Dutch church holding non-stop service to block deportations hopes for Christmas miracle

Dutch church holding non-stop service to block deportations hopes for Christmas miracle

Worshippers at a church in the Netherlands that have been holding round-the-clock prayer services for more than six weeks to prevent an Armenian family from being deported are hoping for a Christmas miracle.

Hayarpi Tamrazyan (oldest daughter of the family) is pictured at the protestant Bethel Church in Th
Hayarpi Tamrazyan (oldest daughter of the family) is pictured at the protestant Bethel Church in The Hague, the Netherlands December 13, 2018. REUTERS/Eva Plevier

THE HAGUE: Worshippers at a church in the Netherlands that have been holding round-the-clock prayer services for more than six weeks to prevent an Armenian family from being deported are hoping for a Christmas miracle.

Under Dutch law, police are barred from entering a place of worship while a ceremony is in progress.

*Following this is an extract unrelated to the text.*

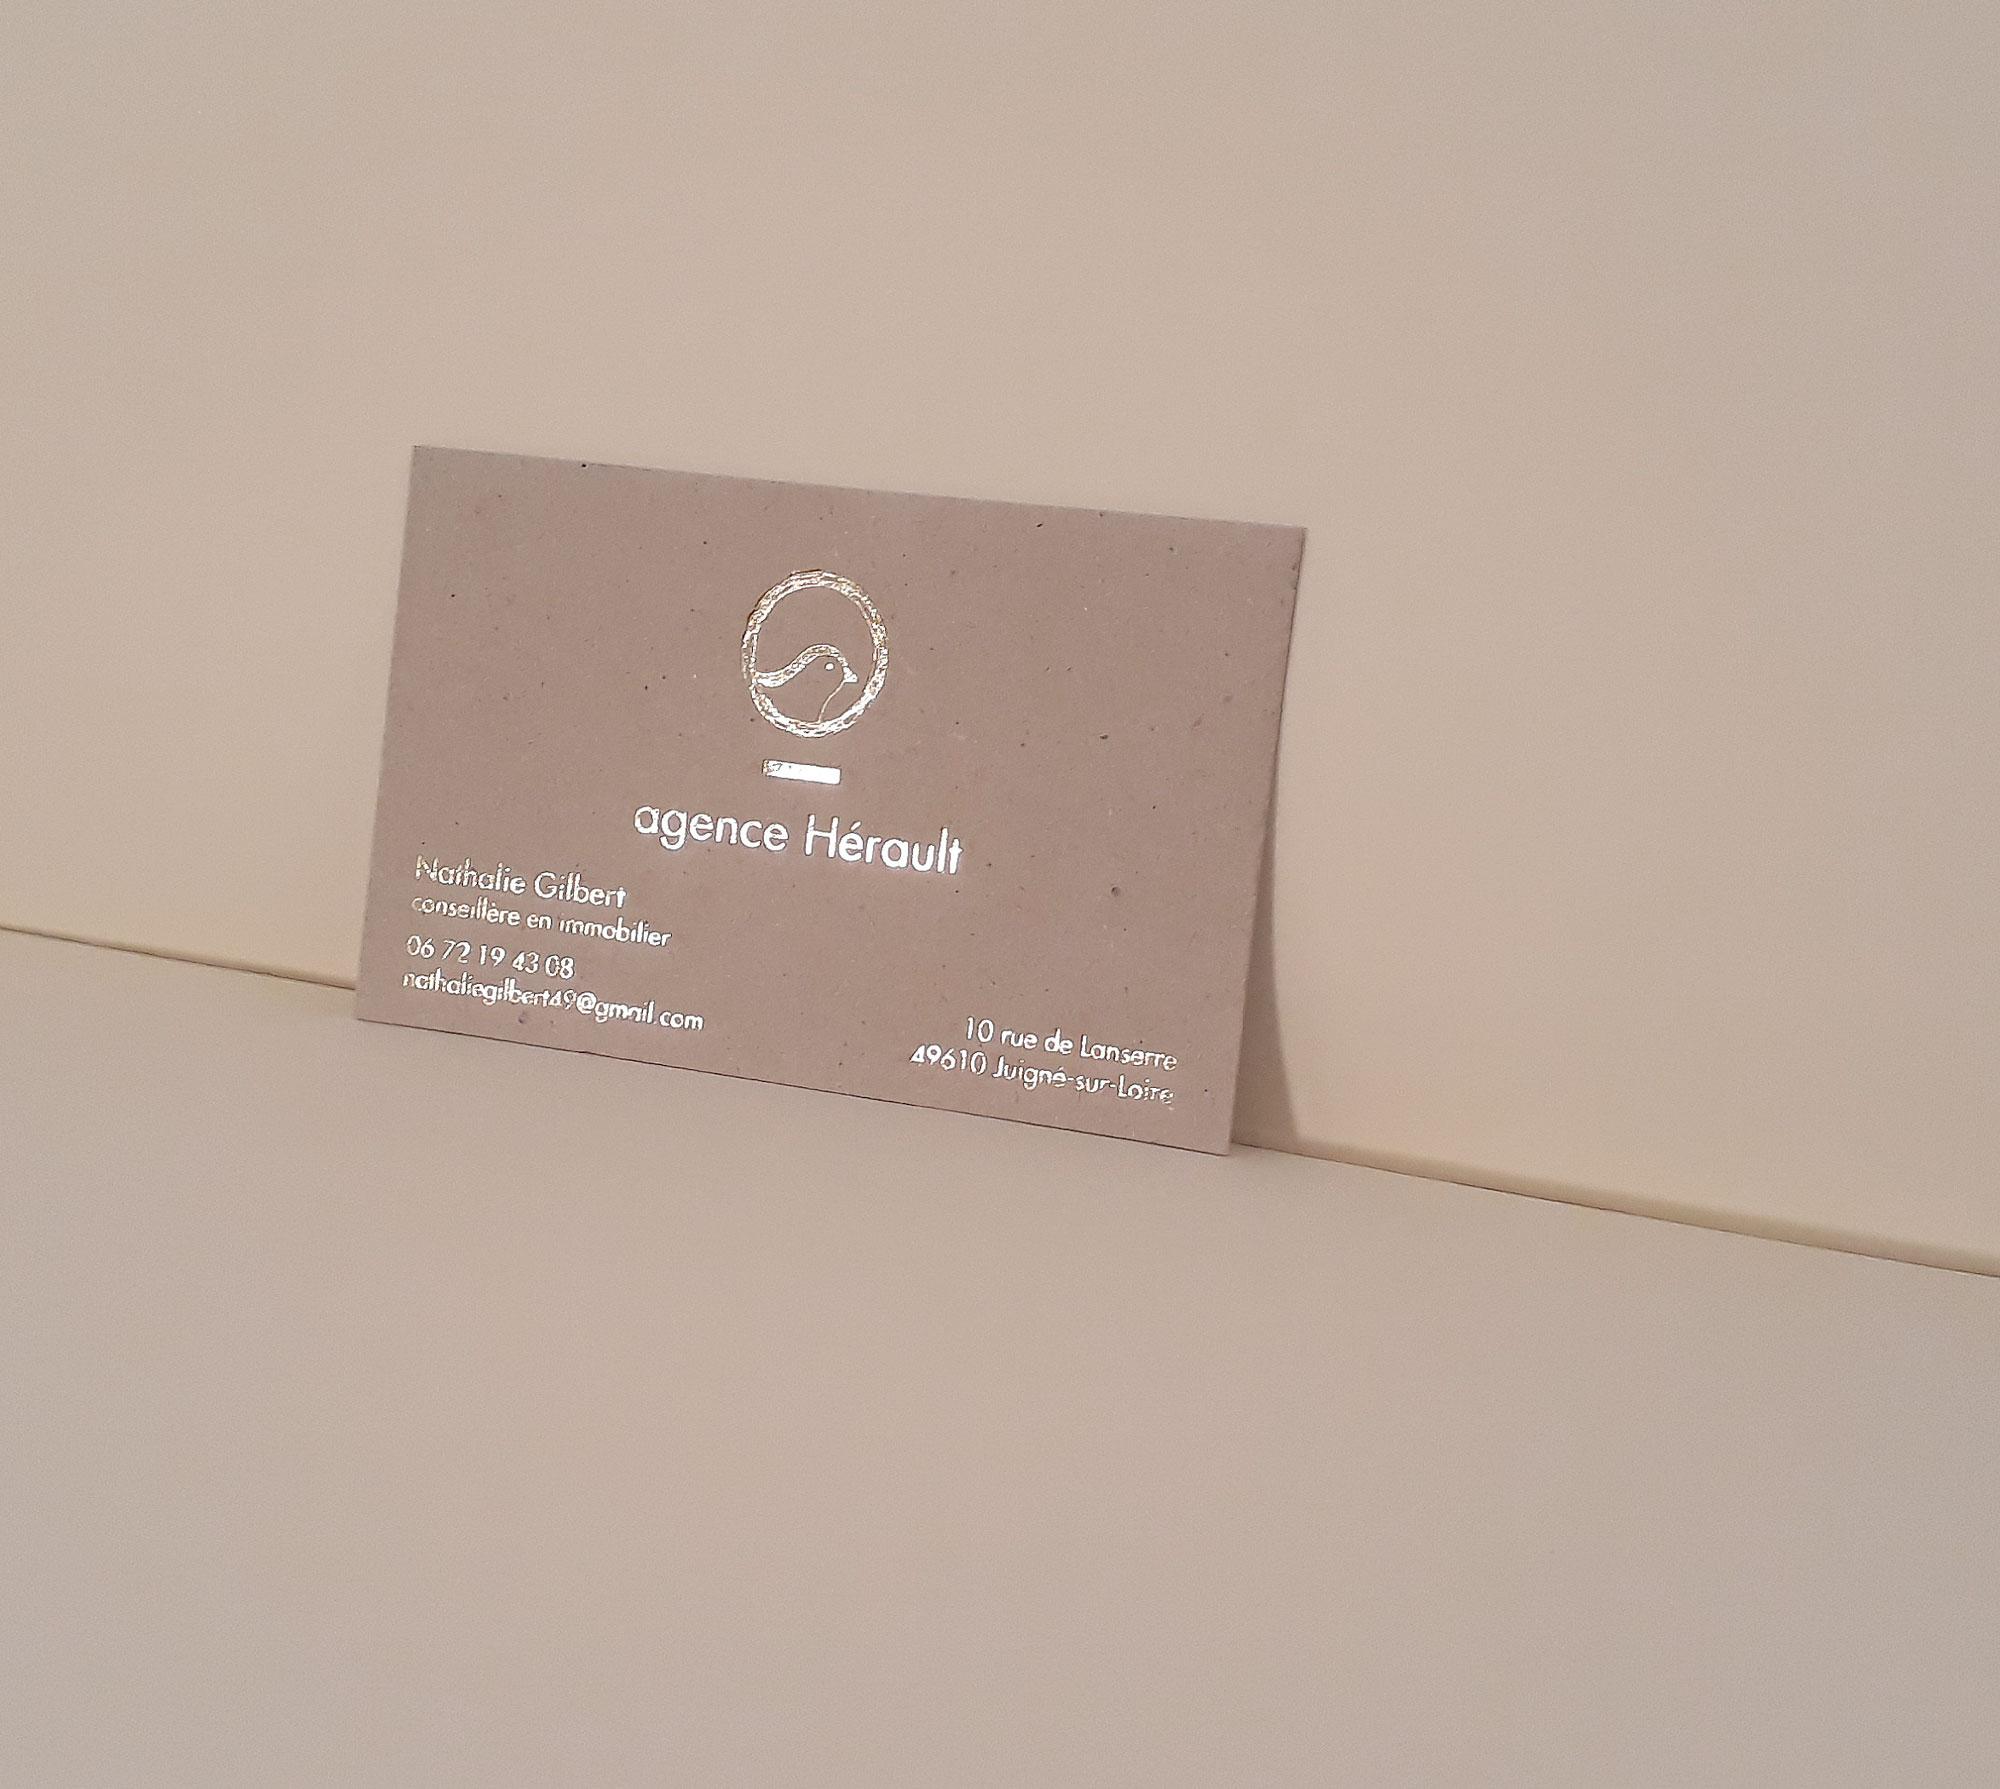 hortense-rossignol-graphiste-angers-carte-de-visite-marquage-a-chaud-or-carton-gris-7

So hundreds of supporters from the Netherlands and abroad have held non-stop services at the Bethel church in The Hague to block the deportation of the Tamrazyan family.

They are "from all over the world, and that means a lot to our family. ...It gives us strength to keep going," said daughter Hayarpi, 21. "I really don't know what the outcome will be, but we hope we can stay here because this is our home."

The congregation hopes to convince Dutch authorities to make an exception to immigration rules on humanitarian grounds.

"We will continue for as long as we believe it is necessary and possible," Bethel Minister Derk Stegeman said. "We hope at Christmas our minister will make a great gesture" and grant clemency to the family, he said.

The family came to the Netherlands in 2010 and say they cannot safely return home because they are considered dissidents by the Armenian authorities, although the nationalist Republican Party government that dominated Armenia since independence from the Soviet Union was toppled this year after peaceful protests.

The Netherlands took in hundreds of thousands of migrant workers in the 1960s and 1970s but now has one of the EU's toughest immigration policies. The conservative government under Prime Minister Mark Rutte says "economic" immigrants cannot stay, though refugees fleeing violence have a right to asylum.

The Tamrazyans lived legally in the Netherlands for nine years while their asylum application made its way through the courts. But a final rejection came this year, and they have been refused an exemption under a programme for minors living there for more than five years.

"They've been told numerous times they have to leave the Netherlands," the deputy minister for asylum and migration affairs, Mark Harbers, said on Dutch television last week. "This (vigil) seems pretty hopeless to me."

Hayarpi and her sister, 19-year-old Warduhi, have been studying at a Dutch university, while their younger brother, 15-year-old Seyran, plays on a local soccer team.

"My brother, sister and I grew up in the Netherlands," she told journalists. "All our friends are here, and my sister and I are studying here. This is just where we belong."